# IH oil filter



## Wethay (Jul 17, 2015)

I have a IH 384 tractor and a quick internet search says that it has a BD154 IH engine in it. I know it is 30 plus years past it's prime for finding parts etc but thought I would ask. Does anyone know where one would find parts to convert the engine oil filter to a spin on type?

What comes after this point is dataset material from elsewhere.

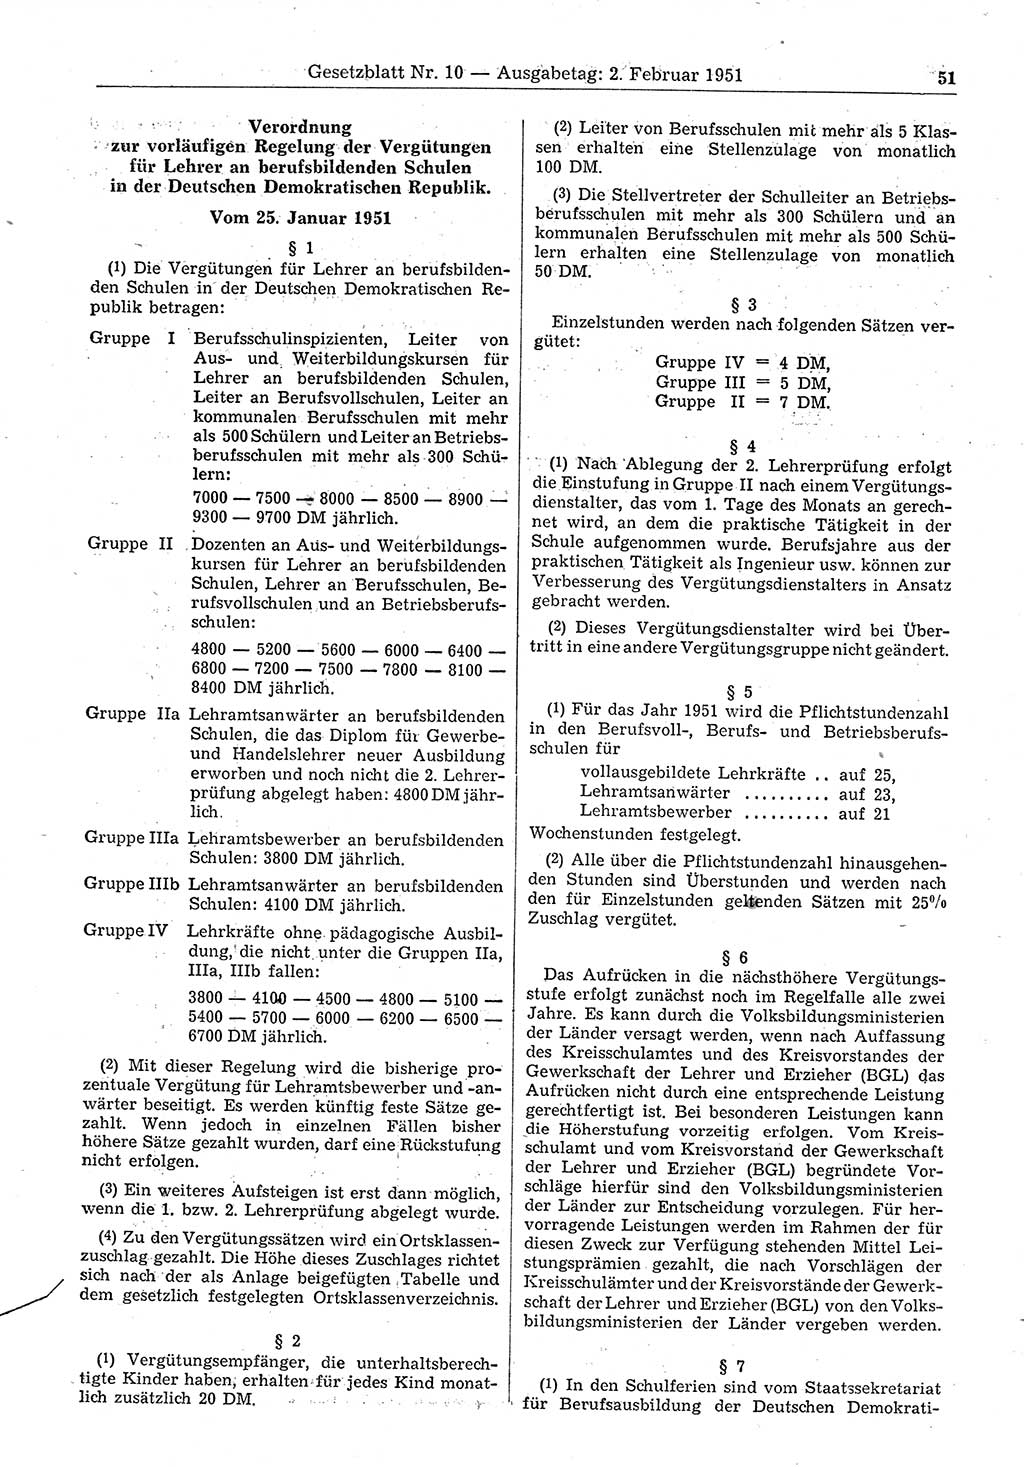 Gesetzblatt (GBl.) der Deutschen Demokratischen Republik (DDR) 1951, Seite 51 (GBl. DDR 1951, S. 51)

Always talked about doing it but it never happened and now that the tractor isn't used as much and the oil changes are less frequent it's not something I'm going to pay high dollar for, but it would be nice to have.

International Harvester BD154


----------



## IHCman (Aug 27, 2011)

quick search found this

http://www.ebay.com.au/itm/FHK4401-Spin-On-Oil-Filter-Conversion-Kit-International-IH-B275-B414-434-Tractor-/382012803583

Says its in Australia, shipping might be steep.


----------



## Grateful11 (Apr 5, 2009)

BTW: The seller listed above says they don't ship to the US.

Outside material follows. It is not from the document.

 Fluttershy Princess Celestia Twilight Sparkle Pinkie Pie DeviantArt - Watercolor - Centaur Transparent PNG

Not sure if some of these are for your particular engine.

Parts for International Harvester 384 Tractor

https://www.tractorjoe.com/parts/mt/tractor/b/international-harvester/m/384/

I crossed over some numbers and supposedly this is it, again not sure it's for your engine.

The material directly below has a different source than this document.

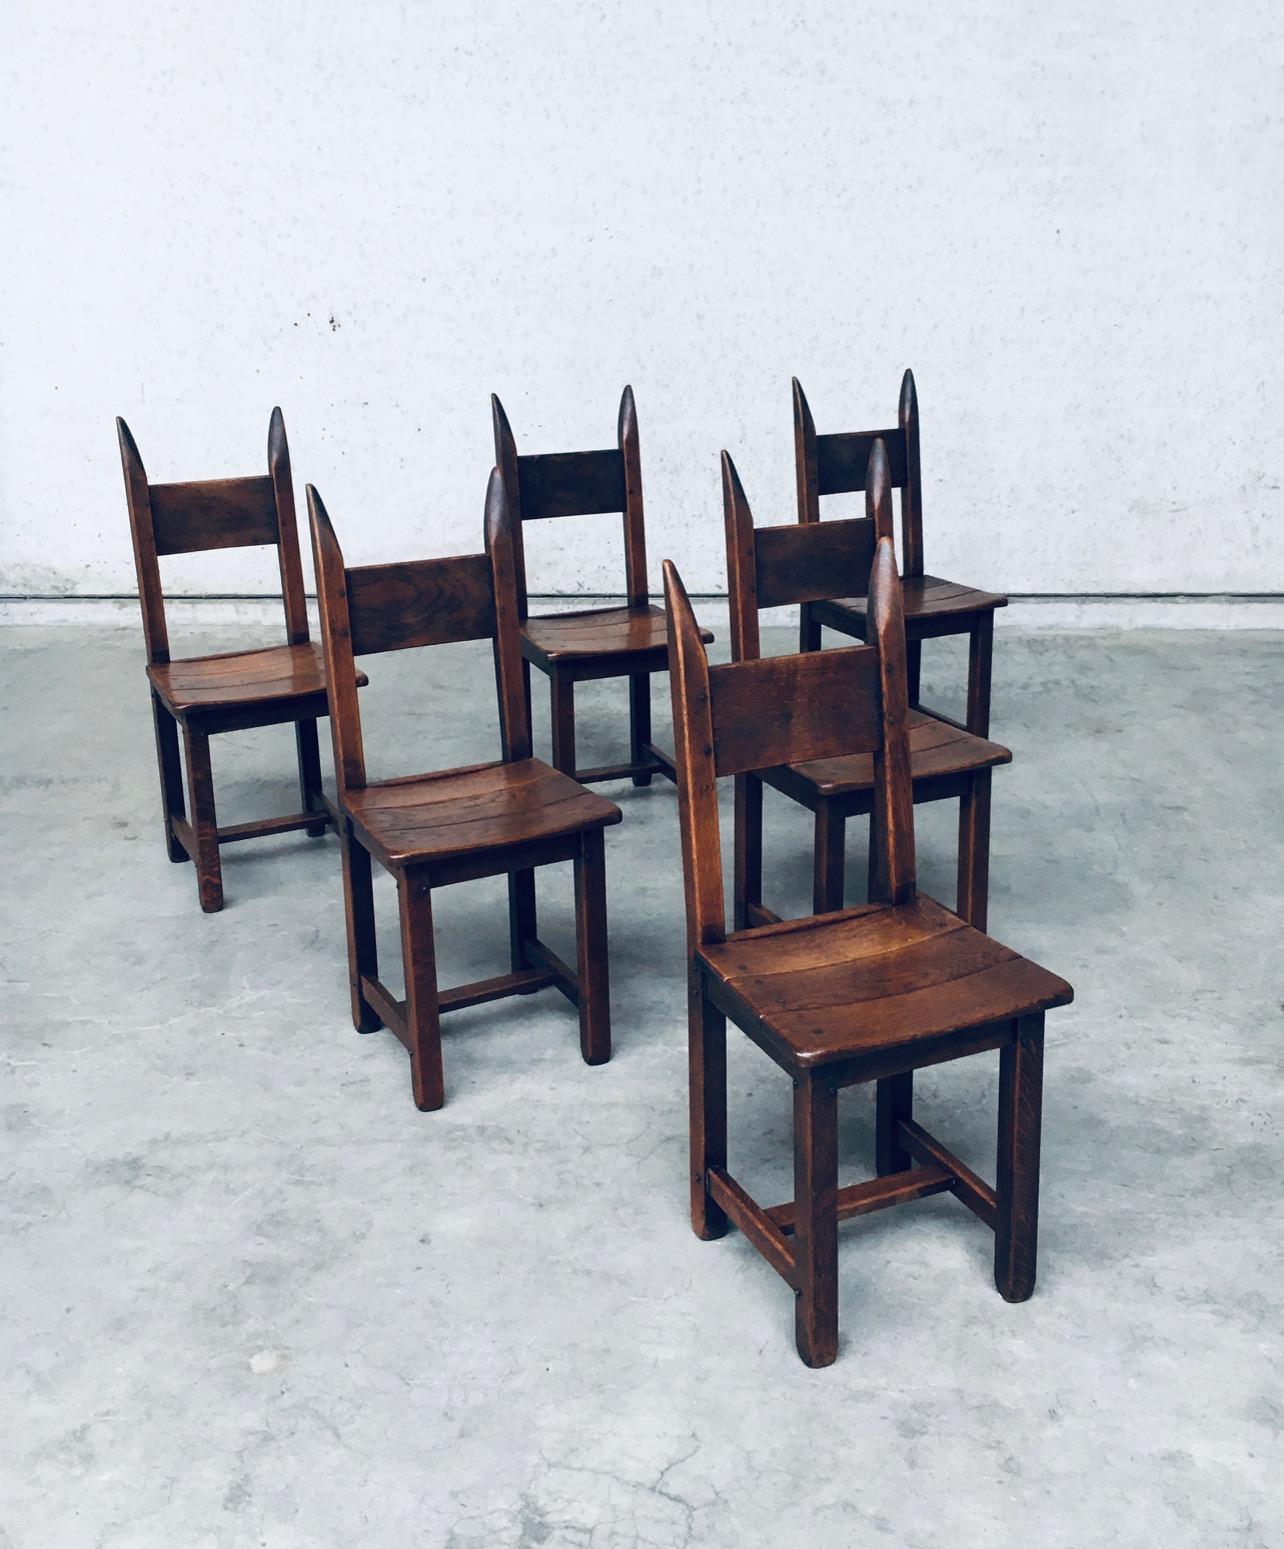 Vintage Brutalist Design Stil Eiche Esszimmerstuhl Satz von 6. Hergestellt in Frankreich, 1960er Jahre Zeitraum. Massive Eiche konstruiert Stühle mit sehr schönen dunklen Patina. Diese sind alle in sehr gutem, originalem Zustand. Jeder Stuhl misst

https://www.napaonline.com/en/p/FIL1302?interchange=1

384 Parts

http://www.yesterdaystractors.com/cgi-bin/store/model_parts.cgi?SearchArea=Farmall&&md=384&cat=Oil%20System&r=mcats

Conversion to spin on.

http://www.batescorp.com/cart/index.php?dispatch=products.view&product_id=44323

http://www.tractorbynet.com/forums/case-ih/310856-ih-384-spin-filter-adapter.html


----------



## Vol (Jul 5, 2009)

Looks like Bates Corp. has a toll free number in the link Grateful listed.

Regards, Mike


----------



## Wethay (Jul 17, 2015)

Thanks guys, looks like I have a phone call or two to make.


----------